Leetcode #2102: Sequentially Ordinal Rank Tracker
In this guide, we solve Leetcode #2102 Sequentially Ordinal Rank Tracker in Python and focus on the core idea that makes the solution efficient.
You will see the intuition, the step-by-step method, and a clean Python implementation you can use in interviews.

Problem Statement
A scenic location is represented by its name and attractiveness score, where name is a unique string among all locations and score is an integer. Locations can be ranked from the best to the worst.
Quick Facts
- Difficulty: Hard
- Premium: No
- Tags: Design, Data Stream, Ordered Set, Heap (Priority Queue)
Intuition
We need to repeatedly access the smallest or largest element as the input changes.

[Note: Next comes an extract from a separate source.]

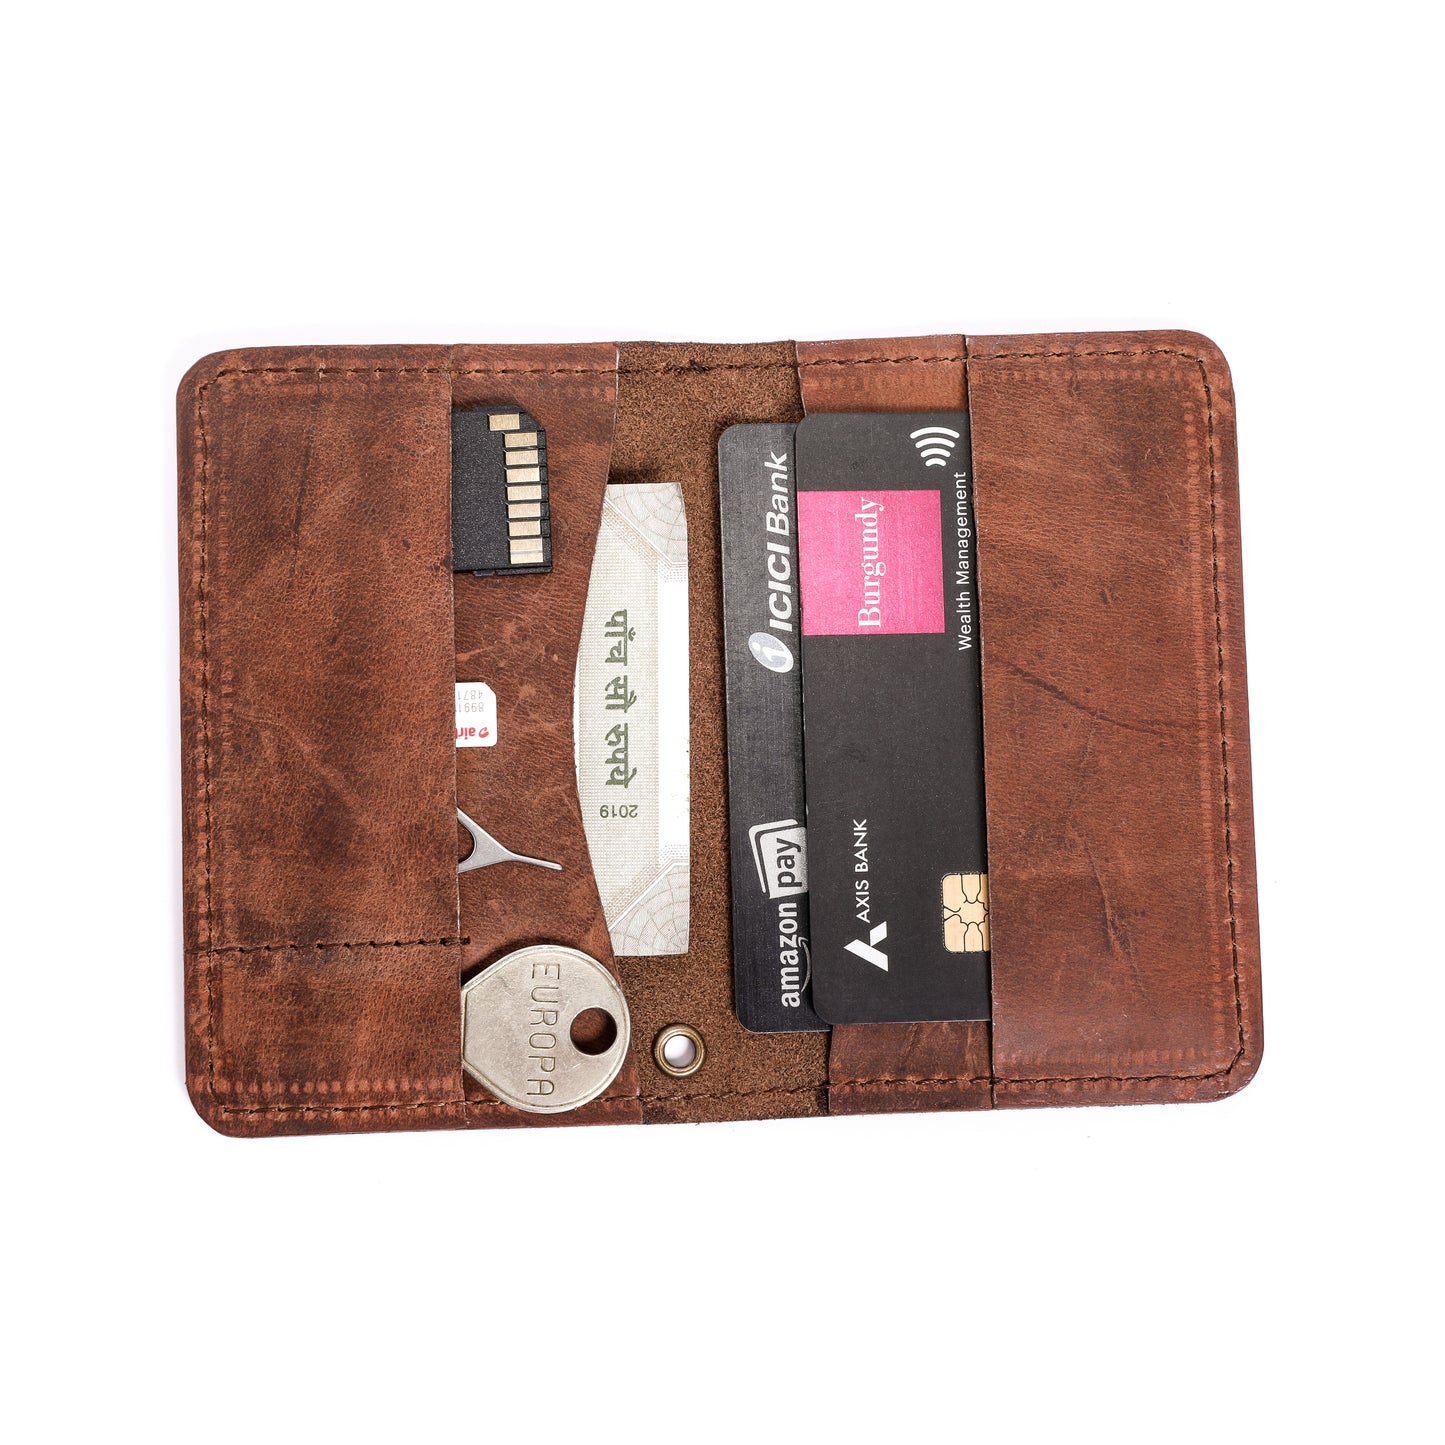 The Mini - Leather Card wallet

A heap provides fast insertions and removals while keeping order.
Approach
Push candidates into the heap as you scan, and pop when you need the best element.
Keep the heap size bounded if the problem requires a top-k structure.
Steps:
- Push candidates into a heap.
- Pop the best candidate when needed.
- Maintain heap size or invariants.
Example
Input
["SORTracker", "add", "add", "get", "add", "get", "add", "get", "add", "get", "add", "get", "get"]
[[], ["bradford", 2], ["branford", 3], [], ["alps", 2], [], ["orland", 2], [], ["orlando", 3], [], ["alpine", 2], [], []]
Output
[null, null, null, "branford", null, "alps", null, "bradford", null, "bradford", null, "bradford", "orland"]
Explanation
SORTracker tracker = new SORTracker(); // Initialize the tracker system.
tracker.add("bradford", 2); // Add location with name="bradford" and score=2 to the system.
tracker.add("branford", 3); // Add location with name="branford" and score=3 to the system.
tracker.get(); // The sorted locations, from best to worst, are: branford, bradford.
// Note that branford precedes bradford due to its higher score (3 > 2).
// This is the 1st time get() is called, so return the best location: "branford".
tracker.add("alps", 2); // Add location with name="alps" and score=2 to the system.
tracker.get(); // Sorted locations: branford, alps, bradford.
// Note that alps precedes bradford even though they have the same score (2).
// This is because "alps" is lexicographically smaller than "bradford".
// Return the 2nd best location "alps", as it is the 2nd time get() is called.
tracker.add("orland", 2); // Add location with name="orland" and score=2 to the system.
tracker.get(); // Sorted locations: branford, alps, bradford, orland.
// Return "bradford", as it is the 3rd time get() is called.
tracker.add("orlando", 3); // Add location with name="orlando" and score=3 to the system.
tracker.get(); // Sorted locations: branford, orlando, alps, bradford, orland.
// Return "bradford".
tracker.add("alpine", 2); // Add location with name="alpine" and score=2 to the system.
tracker.get(); // Sorted locations: branford, orlando, alpine, alps, bradford, orland.
// Return "bradford".
tracker.get(); // Sorted locations: branford, orlando, alpine, alps, bradford, orland.
// Return "orland".
Python Solution
class SORTracker:
def __init__(self):
self.sl = SortedList()
self.i = -1
def add(self, name: str, score: int) -> None:
self.sl.add((-score, name))
def get(self) -> str:
self.i += 1
return self.sl[self.i][1]
# Your SORTracker object will be instantiated and called as such:
# obj = SORTracker()
# obj.add(name,score)
# param_2 = obj.get()
Complexity
The time complexity is O(n log n). The space complexity is .
Edge Cases and Pitfalls
Watch for boundary values, empty inputs, and duplicate values where applicable. If the problem involves ordering or constraints, confirm the invariant is preserved at every step.
Summary
This Python solution focuses on the essential structure of the problem and keeps the implementation interview-friendly while meeting the constraints.